▶ **DATA RECORDS**
•••
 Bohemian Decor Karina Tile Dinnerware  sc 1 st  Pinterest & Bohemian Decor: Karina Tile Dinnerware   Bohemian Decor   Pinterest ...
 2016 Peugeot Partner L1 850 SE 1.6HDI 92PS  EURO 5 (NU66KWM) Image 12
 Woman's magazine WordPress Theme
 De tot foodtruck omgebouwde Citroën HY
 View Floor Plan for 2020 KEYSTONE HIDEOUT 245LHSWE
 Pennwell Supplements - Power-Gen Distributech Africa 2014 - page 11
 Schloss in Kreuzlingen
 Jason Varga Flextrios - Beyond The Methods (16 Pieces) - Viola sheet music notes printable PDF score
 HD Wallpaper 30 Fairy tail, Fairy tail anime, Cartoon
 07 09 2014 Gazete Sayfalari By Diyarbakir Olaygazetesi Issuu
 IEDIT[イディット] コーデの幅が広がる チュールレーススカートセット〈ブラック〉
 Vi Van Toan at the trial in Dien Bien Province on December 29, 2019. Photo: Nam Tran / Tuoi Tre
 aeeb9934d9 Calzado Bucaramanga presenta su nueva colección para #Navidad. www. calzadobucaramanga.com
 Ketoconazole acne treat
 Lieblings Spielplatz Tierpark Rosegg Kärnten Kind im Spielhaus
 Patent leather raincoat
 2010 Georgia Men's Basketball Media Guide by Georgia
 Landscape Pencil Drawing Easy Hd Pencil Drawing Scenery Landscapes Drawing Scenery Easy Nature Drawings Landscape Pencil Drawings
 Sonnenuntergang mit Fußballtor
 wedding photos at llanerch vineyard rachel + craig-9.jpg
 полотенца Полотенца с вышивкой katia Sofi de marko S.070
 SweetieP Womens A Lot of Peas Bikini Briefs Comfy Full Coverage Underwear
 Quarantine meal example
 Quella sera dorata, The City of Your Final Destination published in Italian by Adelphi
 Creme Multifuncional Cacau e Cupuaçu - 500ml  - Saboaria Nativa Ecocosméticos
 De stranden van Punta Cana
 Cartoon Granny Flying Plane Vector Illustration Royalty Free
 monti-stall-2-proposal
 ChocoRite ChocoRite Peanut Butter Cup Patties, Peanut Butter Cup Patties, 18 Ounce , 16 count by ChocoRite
•••
▶ **PROBLEM TO SOLVE**
Where does the string "Cartoon" appear in the records above? Return every line that holds it.

▶ **FINISHED TASK**
 HD Wallpaper 30 Fairy tail, Fairy tail anime, Cartoon
 Cartoon Granny Flying Plane Vector Illustration Royalty Free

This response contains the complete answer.